Solved – Analyzing Ranked Data: Correlation and Factor Analysis

factor analysisrrankingspearman-rho

I had survey respondents rank a series of items in order of importance, from 1 to 7. So, if a respondent assigned a score of 1 to one variable, then none of the other variables could get a 1 as well. The dataset is replicated in test.data below. I have three questions:

  1. Should I interpret this as ranked data rather than interval data? I
    think so, but I am not sure.
  2. If they are ranked data, is it sensible to use either the Wilcoxon-Mann-Whitney U or Kruskal-Wallis test to test for differences in median (?) rankings depending on the levels of the predictor variable?
  3. If they are ranked data, could I construct a correlation matrix using Spearman's Rho?
  4. If that is possible, could I use a factor analysis on that correlation matrix to possibly reduce the dataset and measure some hypothesized underlying constructs?

I have tried to do these steps basicallly using the steps below, although I see now that there is a paper and an R package suggesting the possibility of performing factor analysis on ranked data.
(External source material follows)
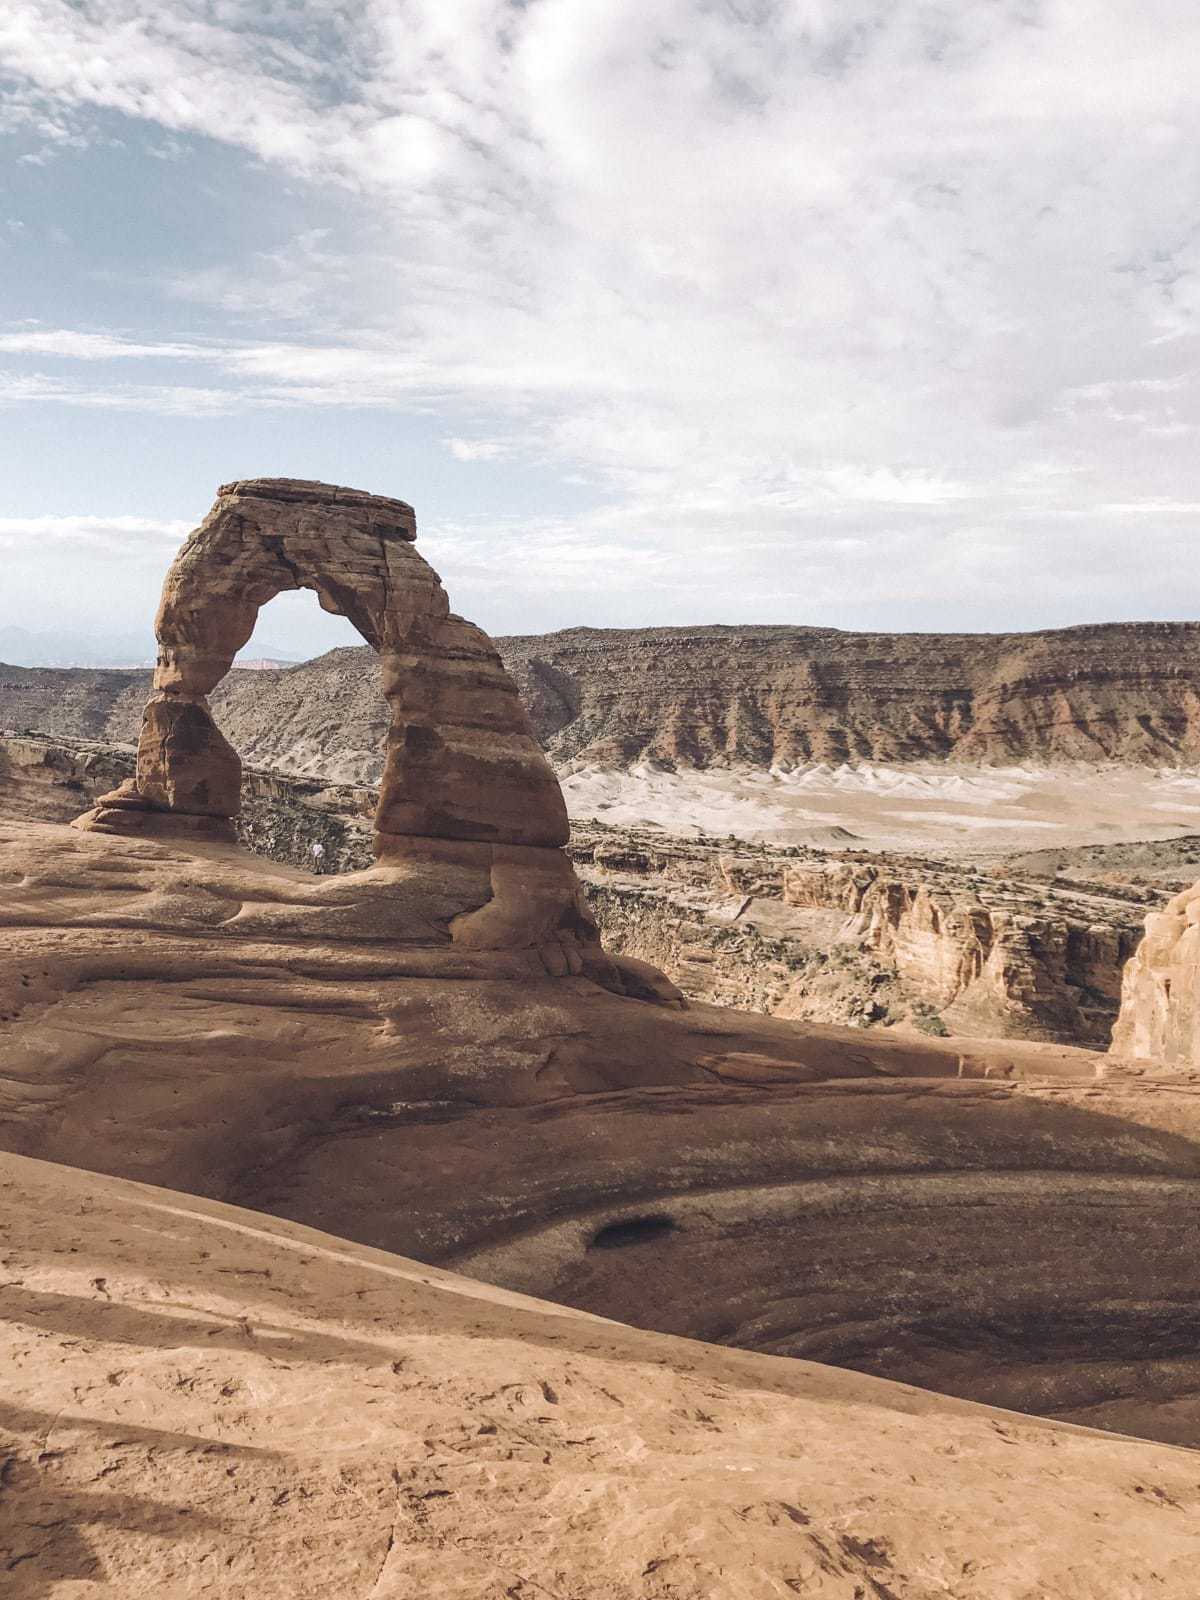 Southern Utah Road Trip Itinerary: 7 Essential Stops You Can't Miss

R Package For Ranking Data
Yu, Lam and Lo 2005

Thank you for your suggestions.

library(psych)
#Create Data frame
test.data<-replicate(10, sample(seq(1,6,1), replace=F))

#transpose
test.data<-t(test.data)

#data frame
test.data<-data.frame(test.data)

#Provide names
names(test.data)<-c('item1', 'item2', 'item3', 'item4', 'item5', 'item6’)

#Some predictors
test.data$gender<-factor(sample(c('M', 'F'), replace=T,size=10))
    test.data$position<-factor(sample(c('Journ', 'Pol'), replace=T, size=10))

#Correlation Matrix
cor.matrix<-cor(test.data[,1:6], method=c('spearman'))

#Factor Analysis
plot(eigen(cor.matrix)$values, type='o')

fa(cor.matrix, method='pa', rotate='none', nobs=nrow(test.data))
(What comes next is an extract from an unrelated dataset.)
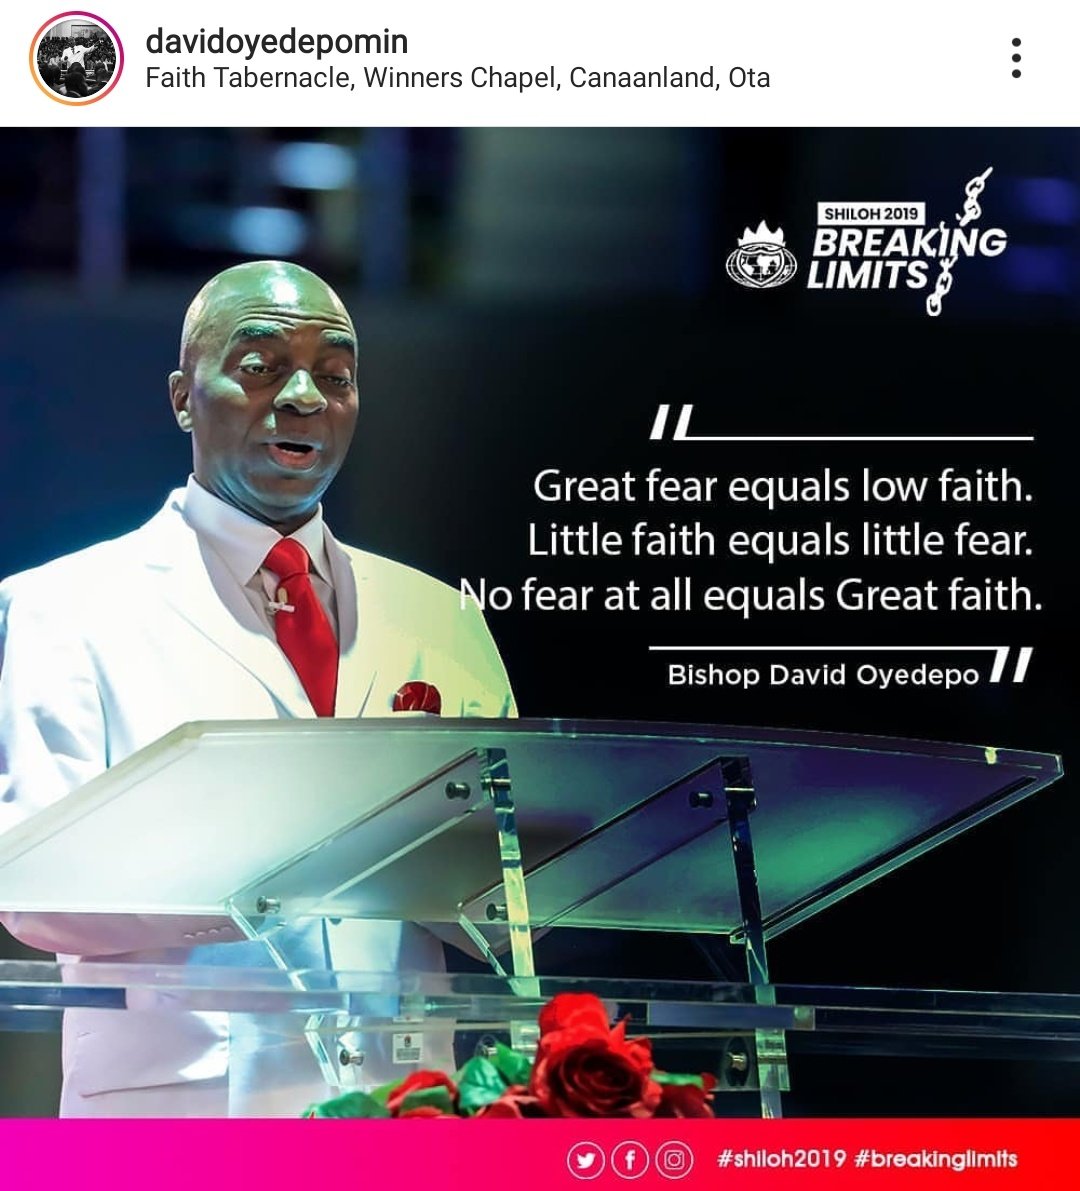 No fear at all equals great faith. Happy Shiloh 2019 week. #shiloh2019breakinglimits #Shiloh2019

#Kruskal-Wallis or Mann-Whitney depending on predictor levels
lapply(test.data[,1:6], function(x) kruskal.test(x~position, data=test.data))

Best Answer

  1. Yes. However, not very seldom rankings are treated as interval data and are analyzed by parametric procedures (such as ANOVA). For example, this is customarily done in classic conjoint analysis. Conceptually, psychometrically, rankings are ordinal while ratings are potentially interval (albeit often cautiously treated as ordinal as well). Still, statistically both are just numbers on a quantititative scale, therefore unless specifically statistical assumptions are strongly violated they could be processed in the same manner. Especially by a univariate analysis. Note that if somebody considers each of the 6 variables that you generated in your example separately he will not be able to say whether they are “rankings” or “ratings”.
  2. Yes. However, those tests are sensible with interval data either.
  3. Yes. However, Spearman is sensible with interval data either, to capture nonlinear monotonic relationship.
  4. No. Classic (linear) factor analysis is only for Pearson correlation (and similar SSCP-type measures, read also). Spearman is based on nonlinearly transformed values, ranks (not your original "ranks", rankings - but the ones the procedure internally produces). Linear FA will erroneously "think" that those transformed values are the original values or are linearly transformed original values and will "uncover" linear underlying constructs which actually are not linear or even do not exist in your actual data. So use Pearson - if you dare to see the rakings data as ratings data. Alternatively, there exist special factor analytic procedures for categorical data, such as factor analysis on polychoric correlations, IRT factor analysis, PCA with optimal scaling (CATPCA).

Whatever factor analysis or other multivariate analysis you do on the rankings data you should be aware that the ordered multinomial (no ties) nature of ranking task induces negative correlations in the the data. In your code, for example, you generate 6 variables which are random ranking from 1 to 6. Expected correlations between the variables will be all -1/(6-1) = -0.2. (See also, about compsitional data in general>) If these were ratings, the expected correlations would be all 0. I’m speaking of the baseline or background correlations – expected in the absence of substantive factors of interest. The presence of a background general factor does not preclude doing factor analysis, generally, but it may be a complex issue – how to deal with it the best way.